### PROBLEM STATEMENT
Restate the data below word for word. Skip any images it contains.

### DATA EXTRACT
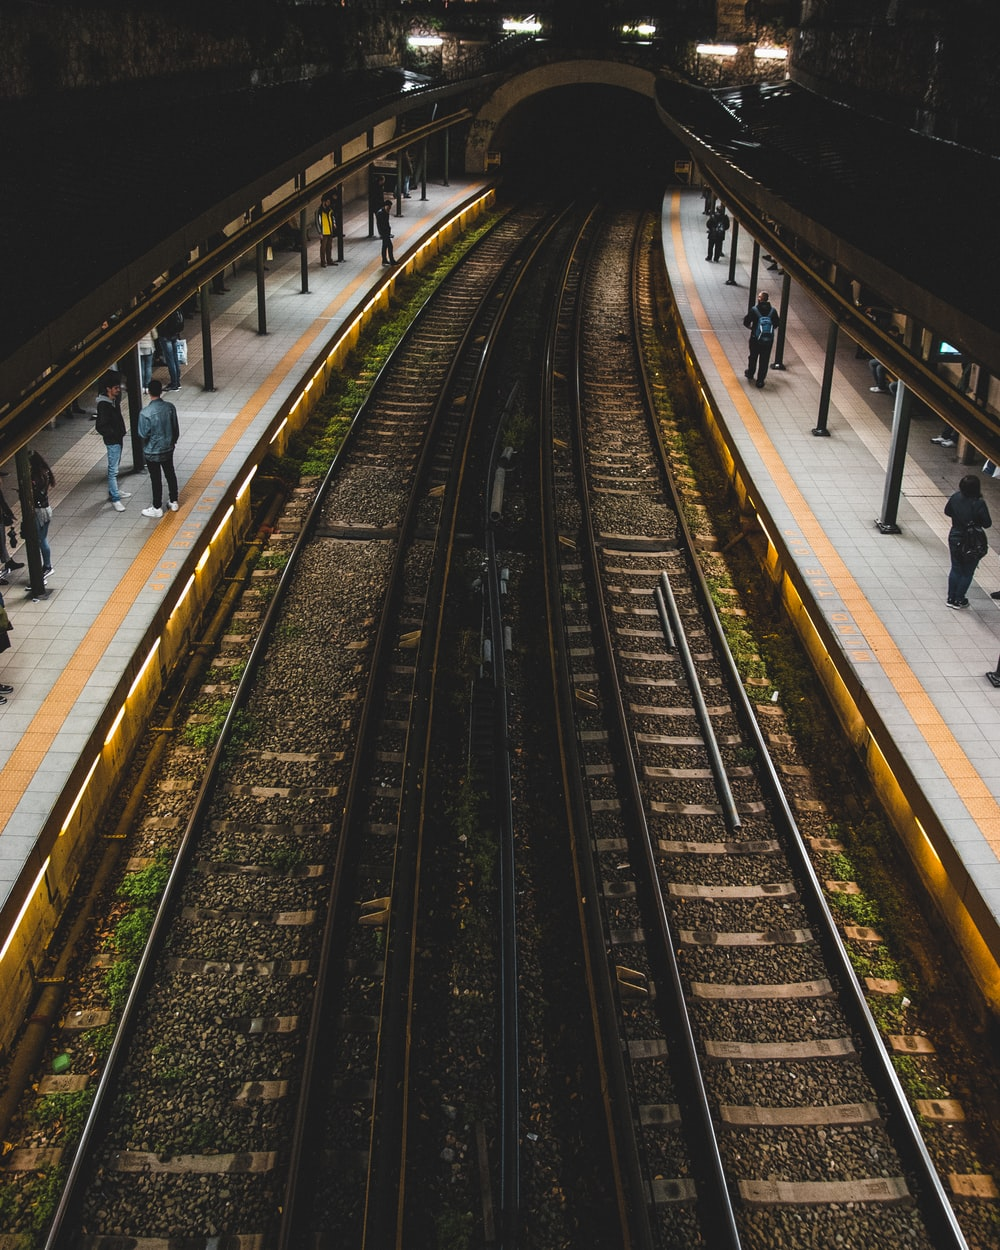 people standing beside train tracks
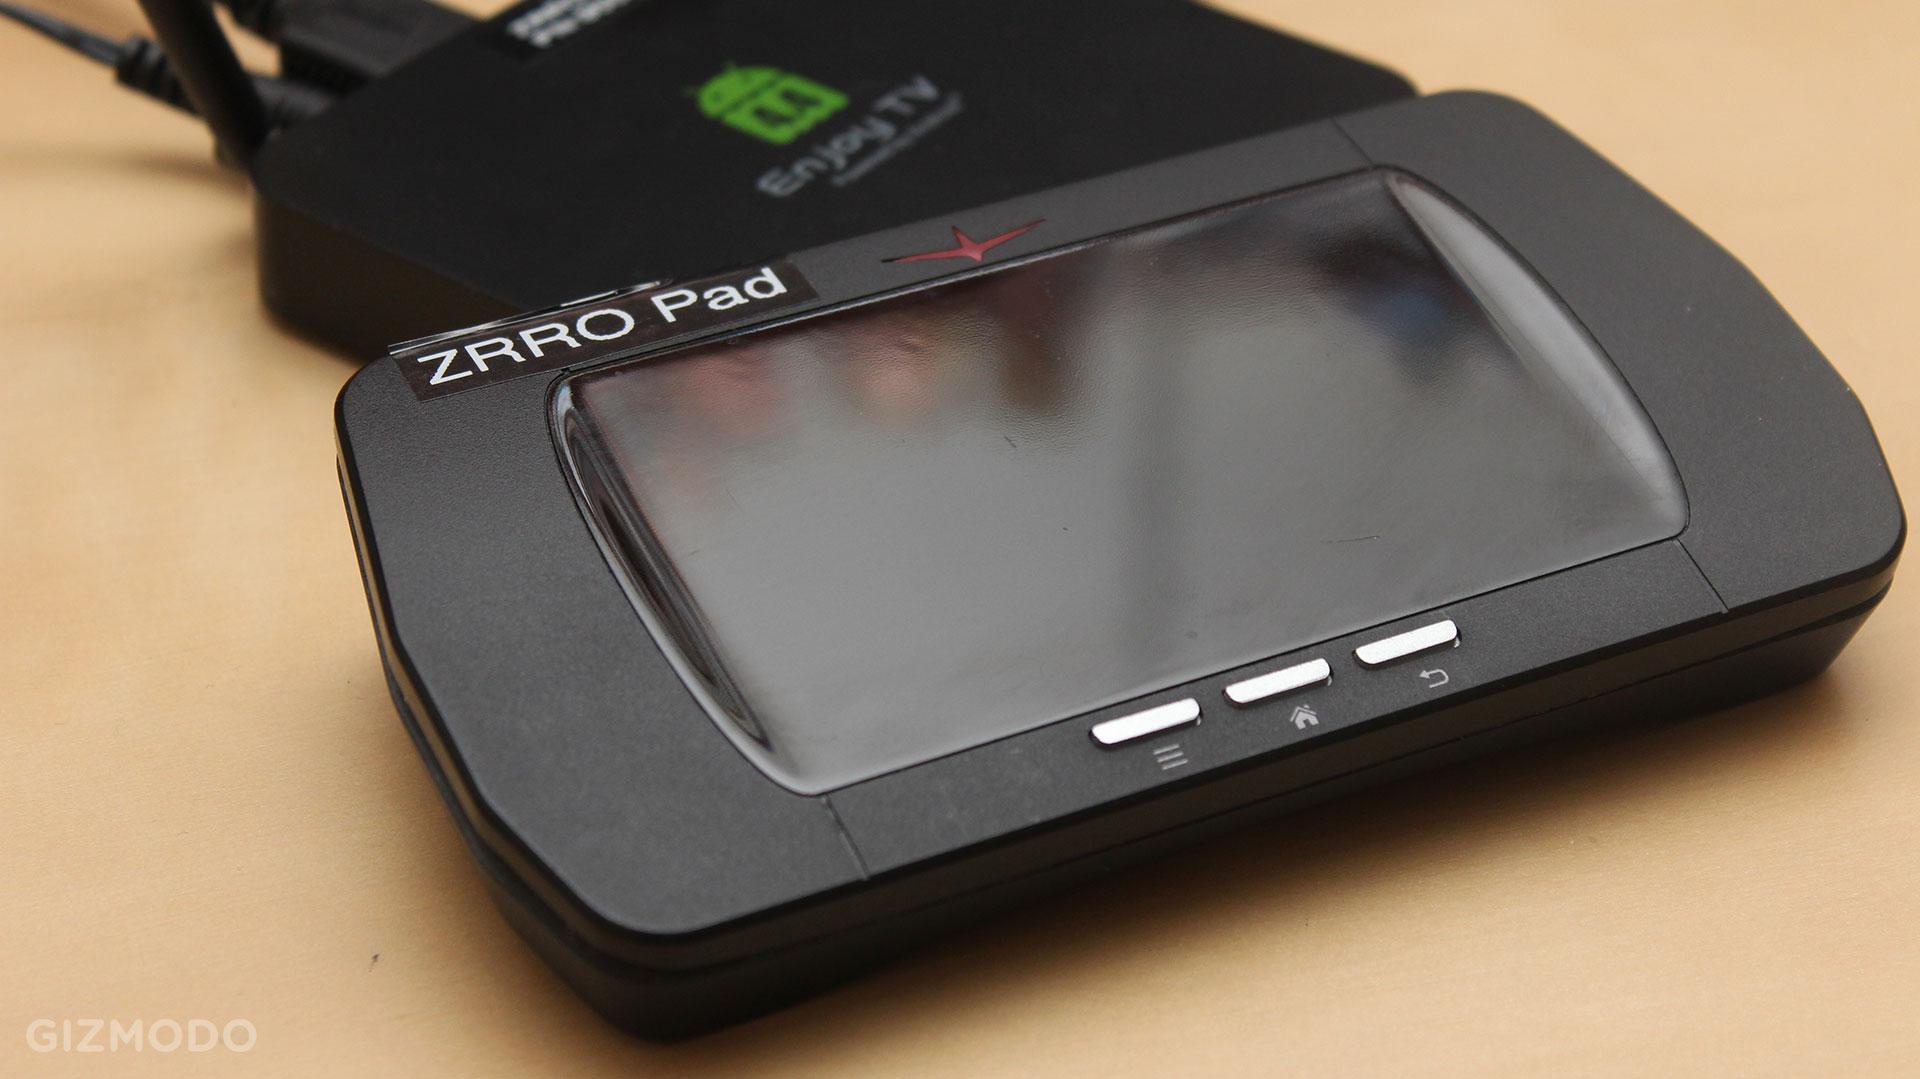 zrro gamepad
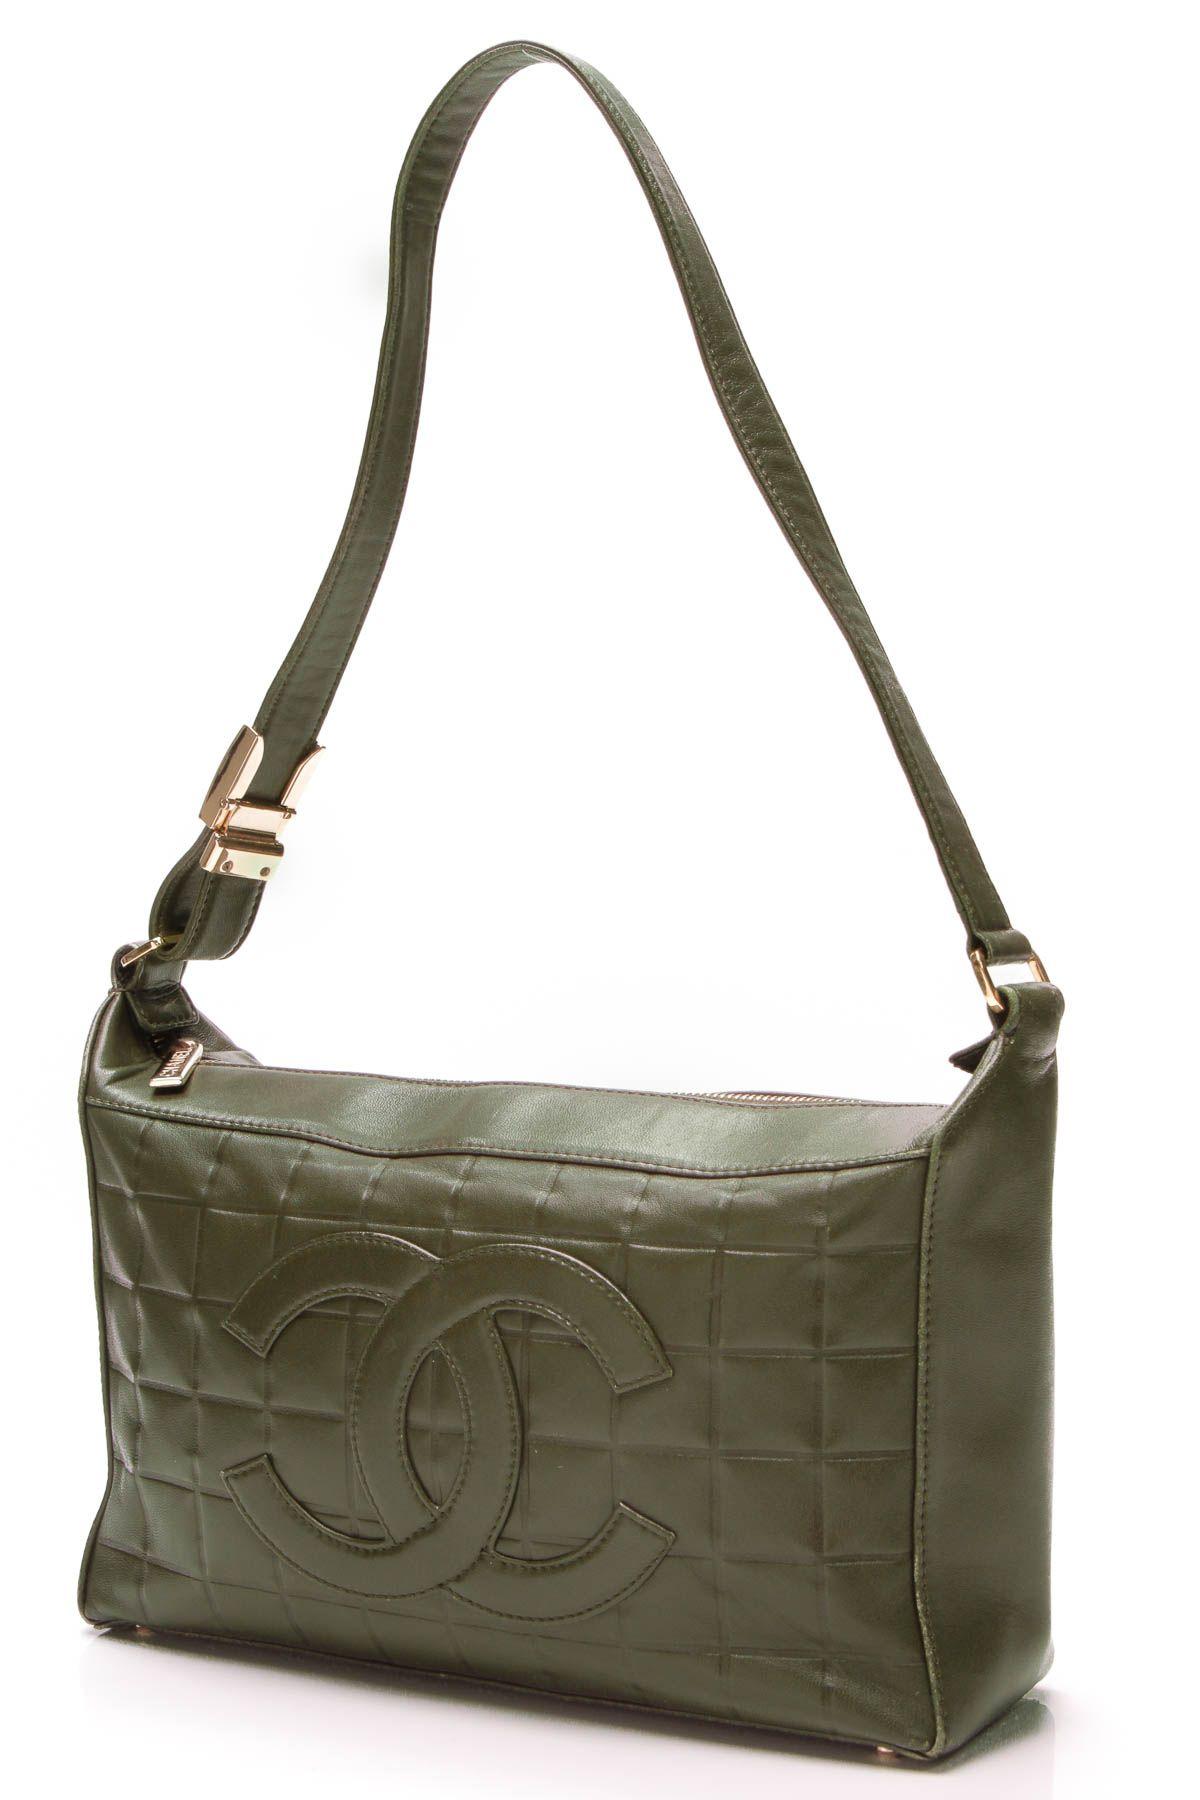 7503ab769779 Chanel Chocolate Bar Shoulder Bag - Olive Green Lambskin

### EXERCISE RESPONSE
 people standing beside train tracks
 zrro gamepad
 7503ab769779 Chanel Chocolate Bar Shoulder Bag - Olive Green Lambskin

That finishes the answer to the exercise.